Permission to look after yourself

“It gives you permission to look after yourself, to say no to things, to put your arms around yourself.

“’You have to fit your own oxygen mask before other people’s’, is a phrase my counsellor has used.

“It’s helped hearing that from someone else, it’s sunk in.”

His counsellor has also helped him with mindfulness, posture, body-scanning and breathing techniques.

Steve added: “I’ve got this very structured time and space which has become like the core focus of my week - to the point that I look forward to it.

“Before, I felt my feelings didn’t have a home. They were all over the place. I’ve taken back ownership of how I feel.

“I’ve got that space and time that I can focus on being a son of mum and dad.

“It’s not just about that counselling session, it has an impact on how I am over the entire week.”

He added that being able to speak openly to a trained professional, outside of his own circle of friends and family was important.

Needed a professional

“I talk to my wife about everything. I’ve got close friends. But I needed someone who was outside all of that. I needed a professional.

“I instantly formed a good relationship with my counsellor.

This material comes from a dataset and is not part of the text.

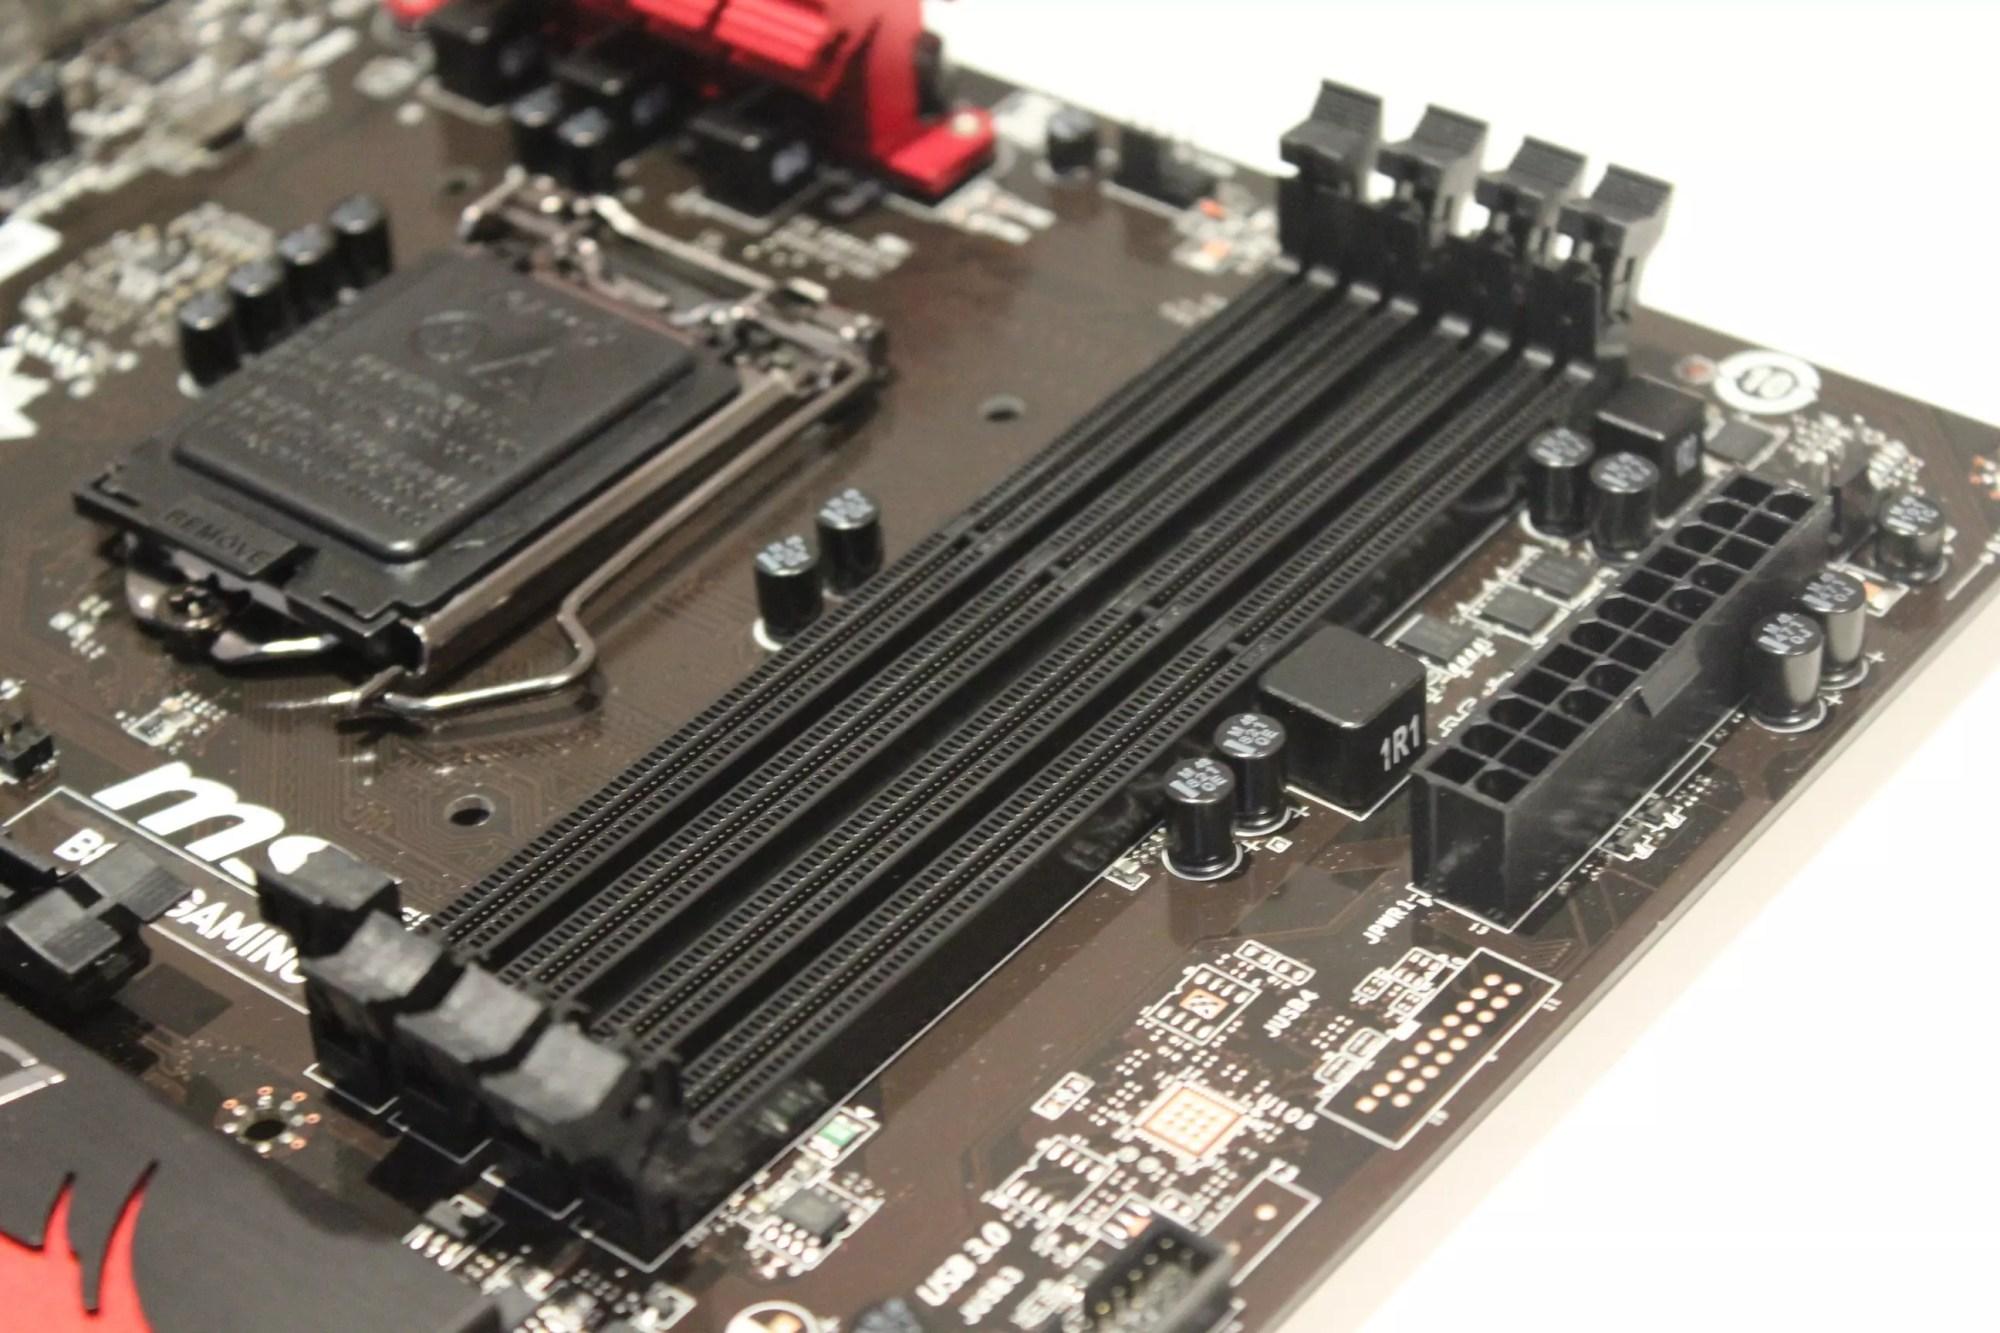 hight resolution of los dos disipadores son bastante primarios teniendo en cuenta que el chipset b85 es bastante sencillo como hab amos comentado al principio de esta review y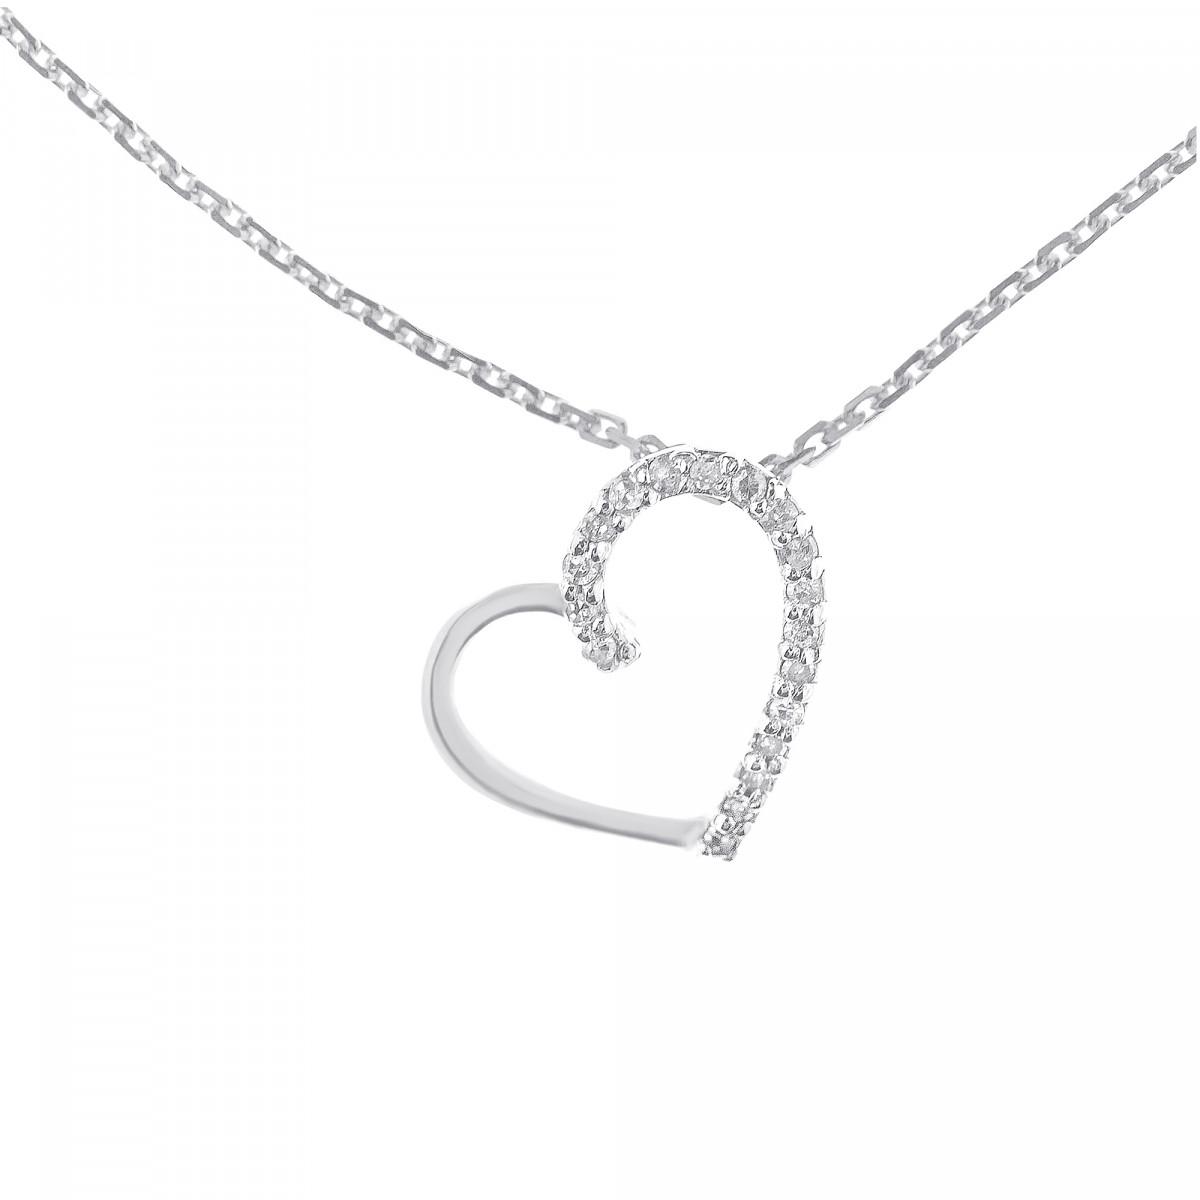 Collier Cœur Précieux Or Blanc 375 et Diamants 0.05ct

“The dynamic of the world we’re in right now means these things have to happen in a different way. But talking via Zoom works.

“There’s a great sense of connection so I can pick up the conversation really easily a week on because of where we left it before.

“Previously I had no experience of or thoughts about bereavement counselling. But for me, it’s been nothing but positive. It can be hard work, and of course it’s a deeply emotional experience, but I look forward to each session, knowing how much it’s helping me.”